For dawn in the sea!”

His sonnet “To the Moon” shows that the trials and tribulations of the earth is beautifully reflected in the gloomy face of the moon. The poet seems to represent himself as the embodiment of misfortune and misunderstanding while the moon stands for hope. The phrase ‘grief upon thy cheek’ is very suggestive). The word ‘grief here seems to suggest the dark portion of the moon.

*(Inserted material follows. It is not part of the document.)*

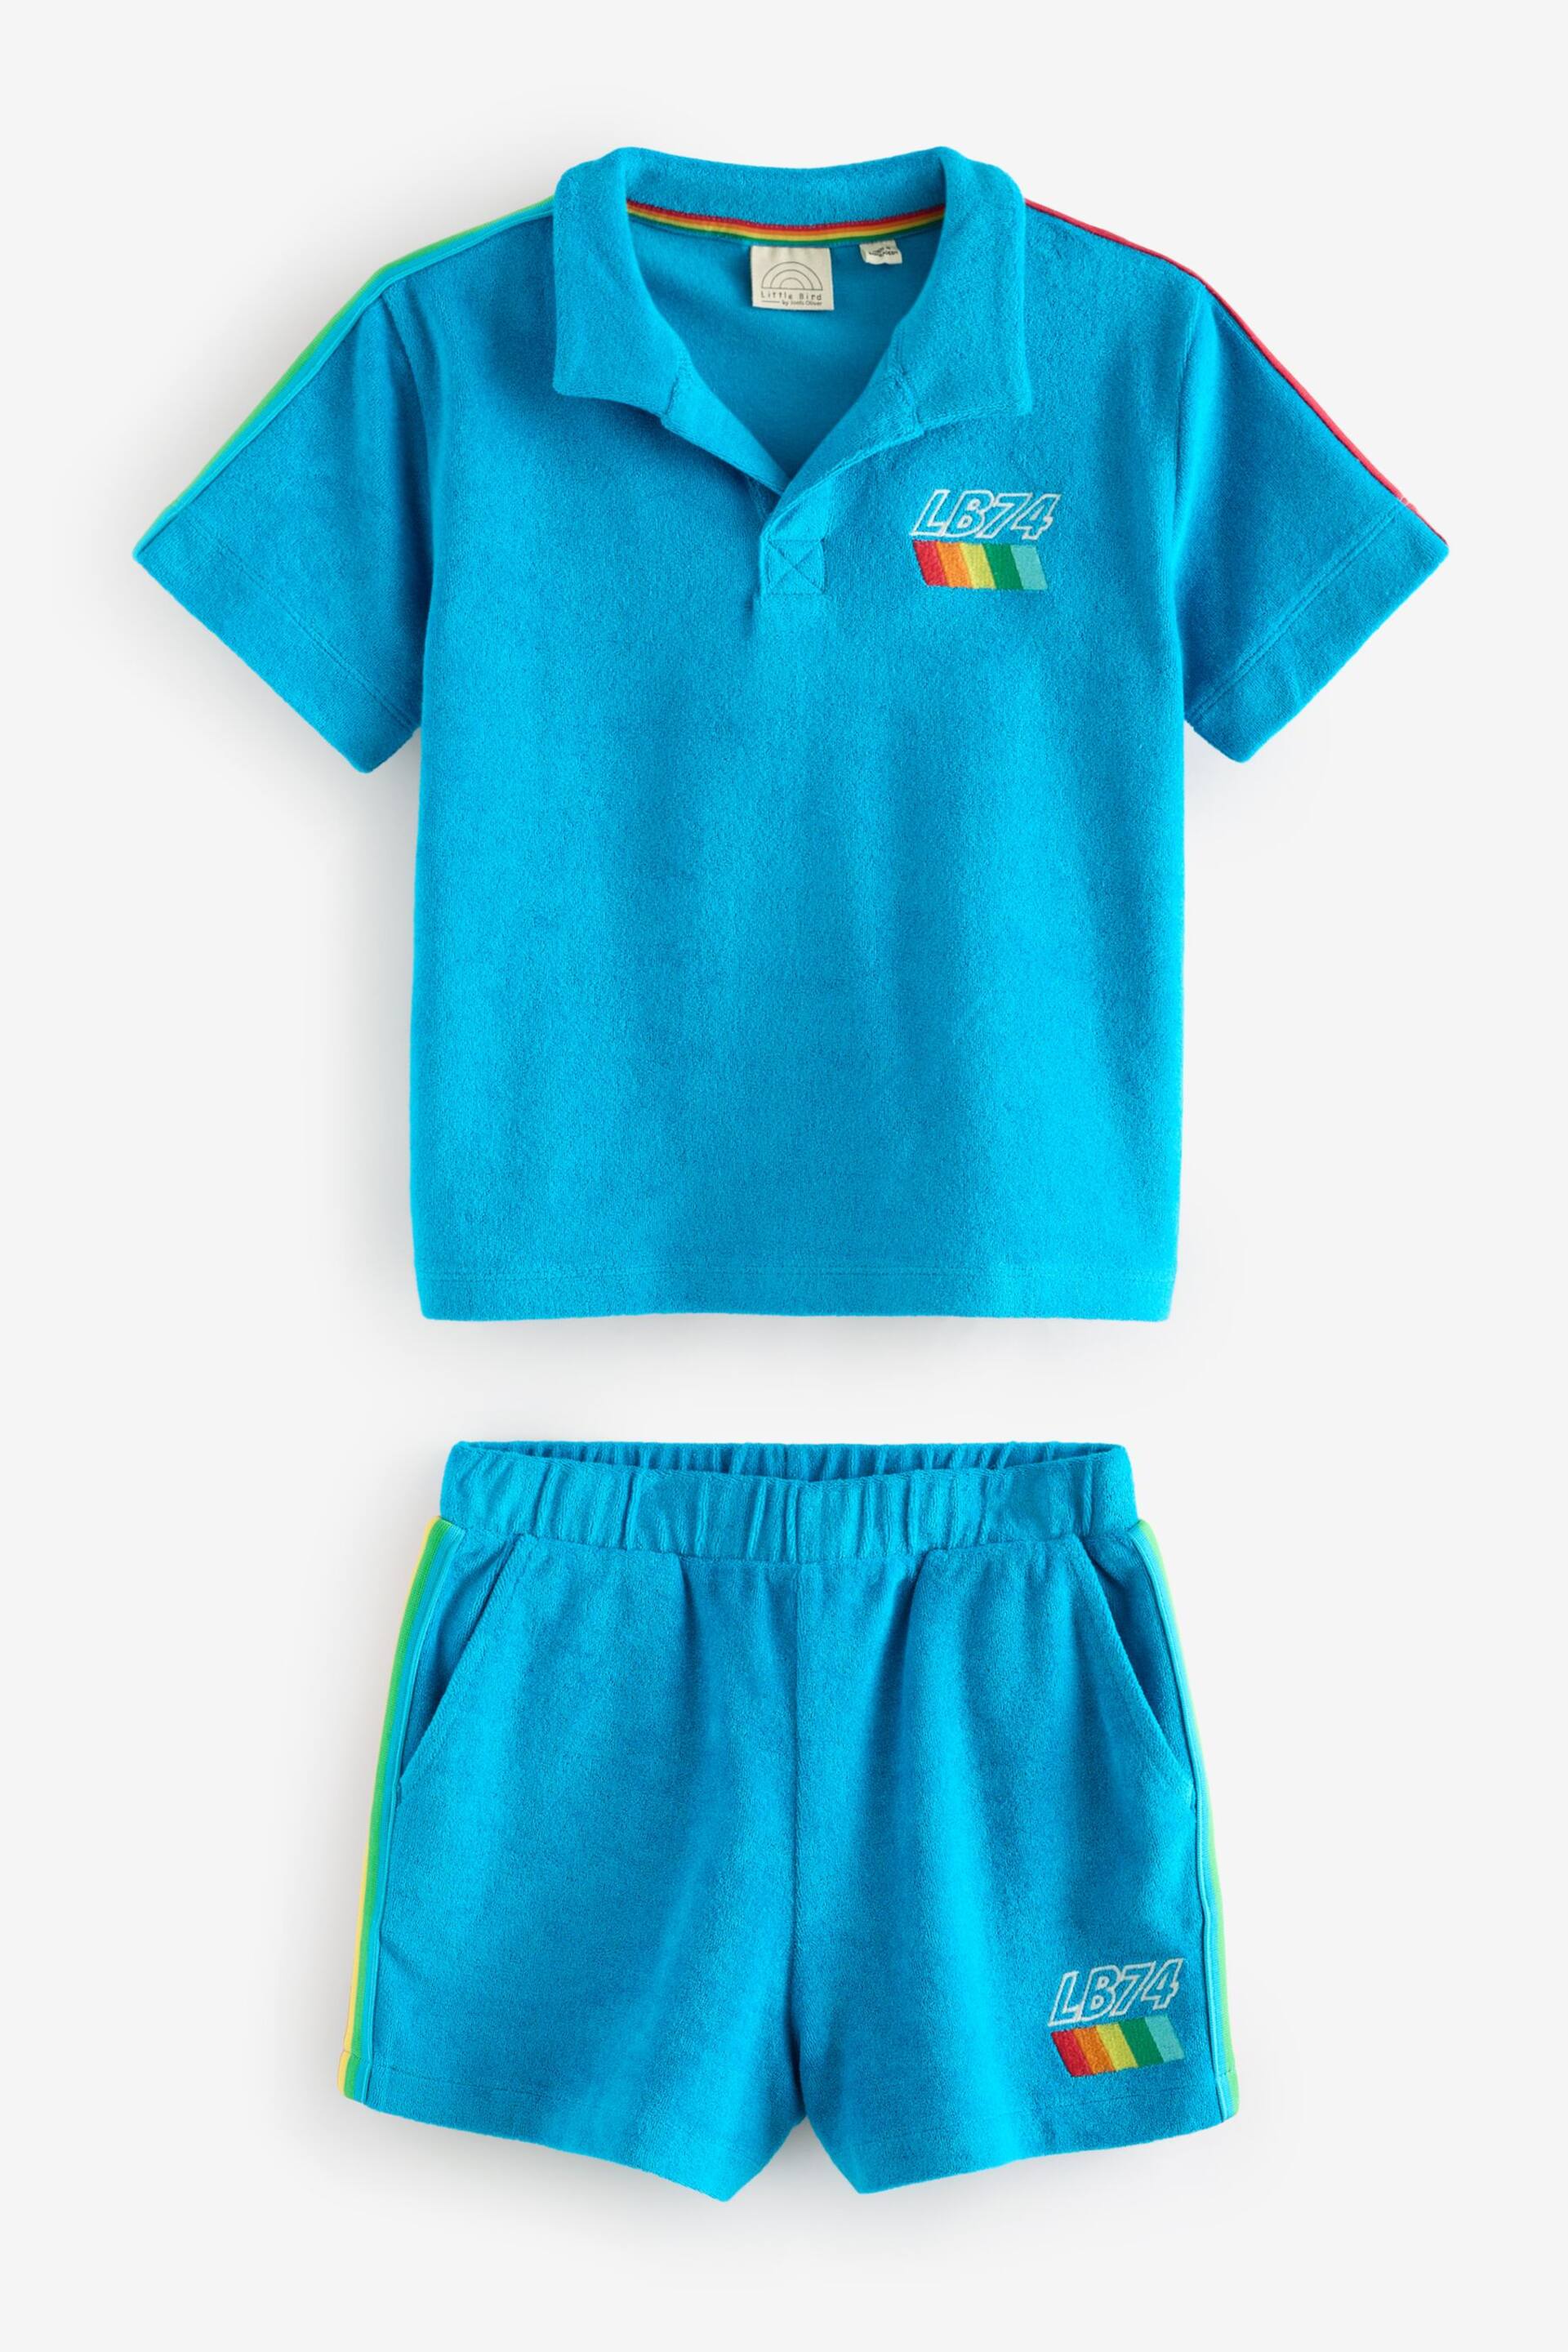 Little Bird by Jools Oliver Blue Towelling Polo Top and Shorts Set - Image 5 of 7

H.L.V. Derozio is also a great poet of nationalistic zeal. His poems like “My Native Land“, “The Harp of India“, “To the Pupils of Hindu College” beautifully deal with patriotic feelings. These poems are suffused with the elements of patriotism and so E.F. Oaten rightly gives the epithet “The National Bard of Modern India” to Derozio. M.K. Naik rightly observes:

“A note-worthy feature of Derozio’s poetry is its burning nationalistic zeal, somewhat surprising in a Eurasian at a time when the average representative of his class was prone to repudiate his Indian blood and identify herself with the white man, for eminently practical reasons.”

Poems like ‘To India, My Native Land’, ‘The Harp of India‘, ‘To the Pupils of Hindu College’ have an unmistakable authenticity of patriotic utterance which stamps Derozio as an Indian English poet who is truly a son of the soil. Derozio is also a pioneer in the use of Indian myth and legend, imagery and diction (though he also employs allusions, western classical myths with equal competence): e.g. ‘Highest Himalay’ (Poetry): ‘Chandra’s beams (‘The Eclipse’); ‘Sweet Sitar (Song of the Hindustani Minstrel’) etc.

Thus H.L.V. Derozio is a great poet in Indian poetry in English. His poems have exercised a great influence on the later poets. What matters most in his poetry is his deft and skillful art of blending both feeling and form together. His apt use of metaphor, his short and epigrammatic presentation, his patriotic zeal and above all his connotative and aesthetic presentation will always be remembered by the connoisseurs of art and literature.